==== Record extracts ====
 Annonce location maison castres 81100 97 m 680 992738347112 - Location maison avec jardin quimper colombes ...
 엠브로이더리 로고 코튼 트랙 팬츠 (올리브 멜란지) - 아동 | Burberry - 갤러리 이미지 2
====
==== Record extracts ====
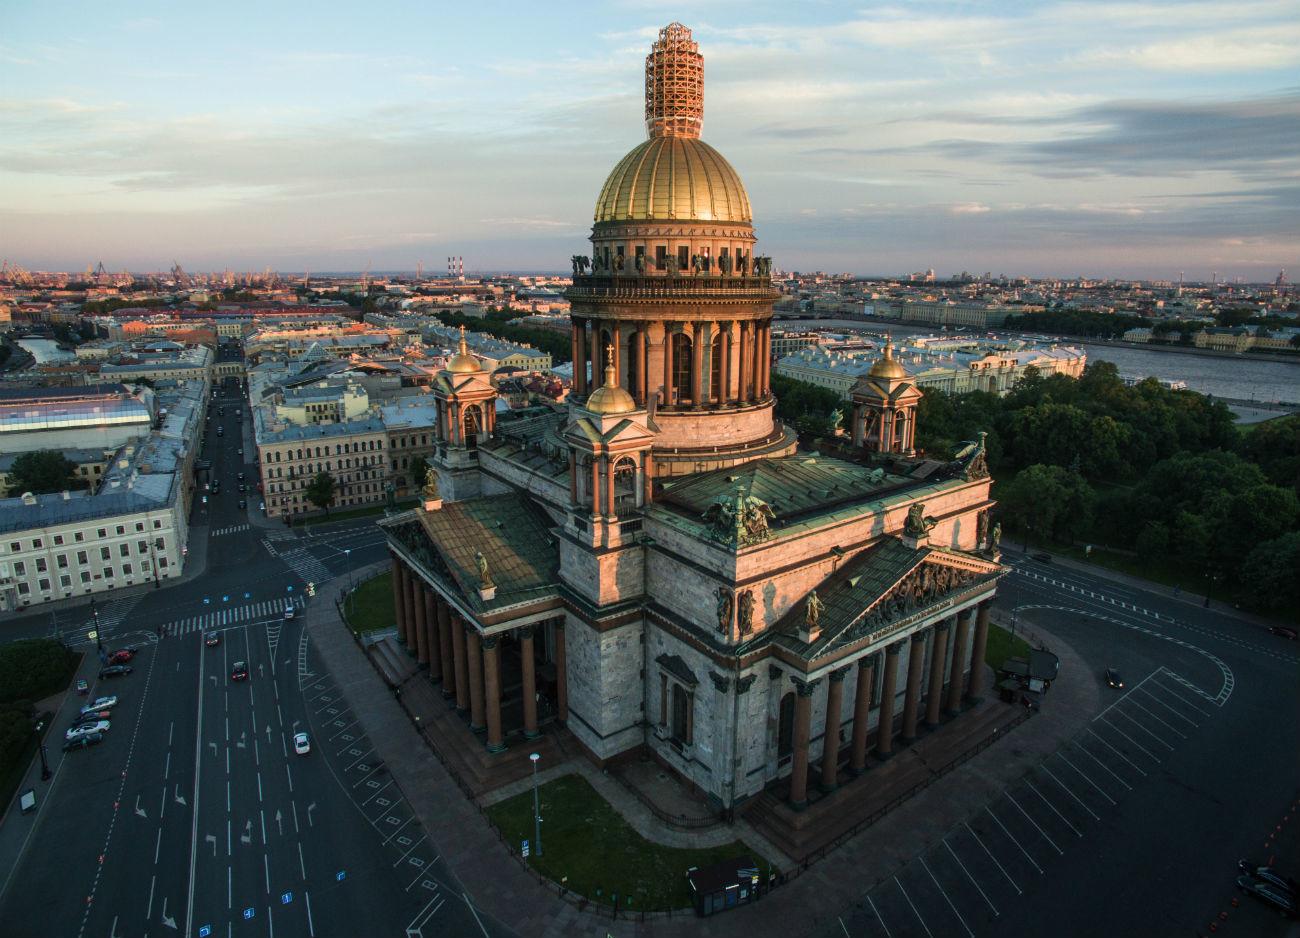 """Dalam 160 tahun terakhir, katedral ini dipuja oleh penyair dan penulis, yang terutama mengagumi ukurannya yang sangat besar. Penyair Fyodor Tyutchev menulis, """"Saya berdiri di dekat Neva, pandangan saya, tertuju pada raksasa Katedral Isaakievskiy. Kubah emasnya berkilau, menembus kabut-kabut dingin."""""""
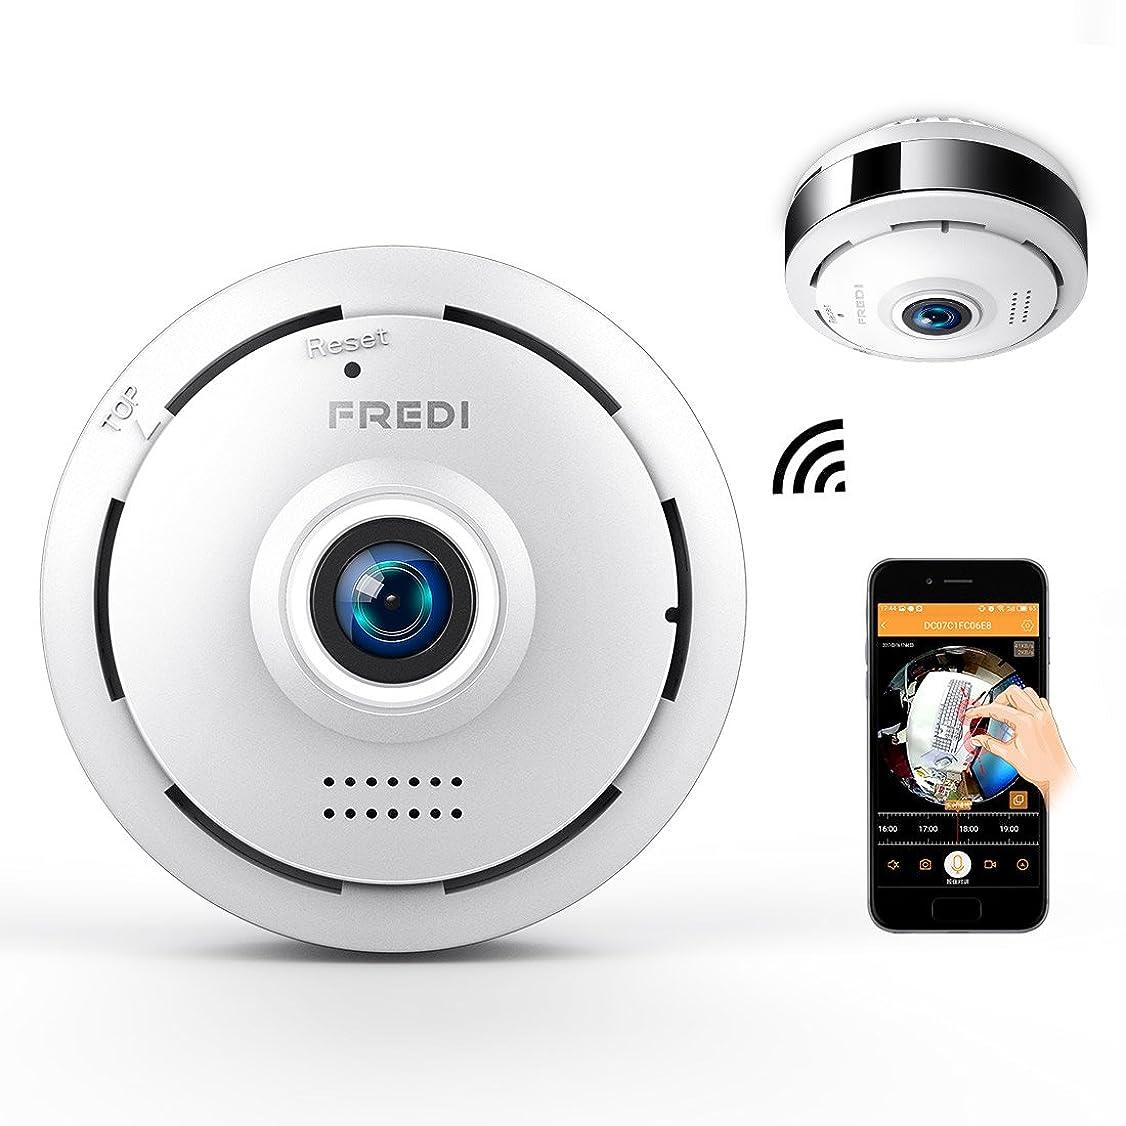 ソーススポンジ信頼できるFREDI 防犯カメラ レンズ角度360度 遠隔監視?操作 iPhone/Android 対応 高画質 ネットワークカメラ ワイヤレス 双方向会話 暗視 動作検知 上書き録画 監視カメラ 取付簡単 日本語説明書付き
====
Prompt: Pictures do not belong in the answer. Return the lines above starting at the one with "tahun terakhir, katedral" and ending at the one with "ソーススポンジ信頼できるFREDI 防犯カメラ レンズ角度360度", both kept, exactly.

Result for this exercise:
 """Dalam 160 tahun terakhir, katedral ini dipuja oleh penyair dan penulis, yang terutama mengagumi ukurannya yang sangat besar. Penyair Fyodor Tyutchev menulis, """"Saya berdiri di dekat Neva, pandangan saya, tertuju pada raksasa Katedral Isaakievskiy. Kubah emasnya berkilau, menembus kabut-kabut dingin."""""""
 ソーススポンジ信頼できるFREDI 防犯カメラ レンズ角度360度 遠隔監視?操作 iPhone/Android 対応 高画質 ネットワークカメラ ワイヤレス 双方向会話 暗視 動作検知 上書き録画 監視カメラ 取付簡単 日本語説明書付き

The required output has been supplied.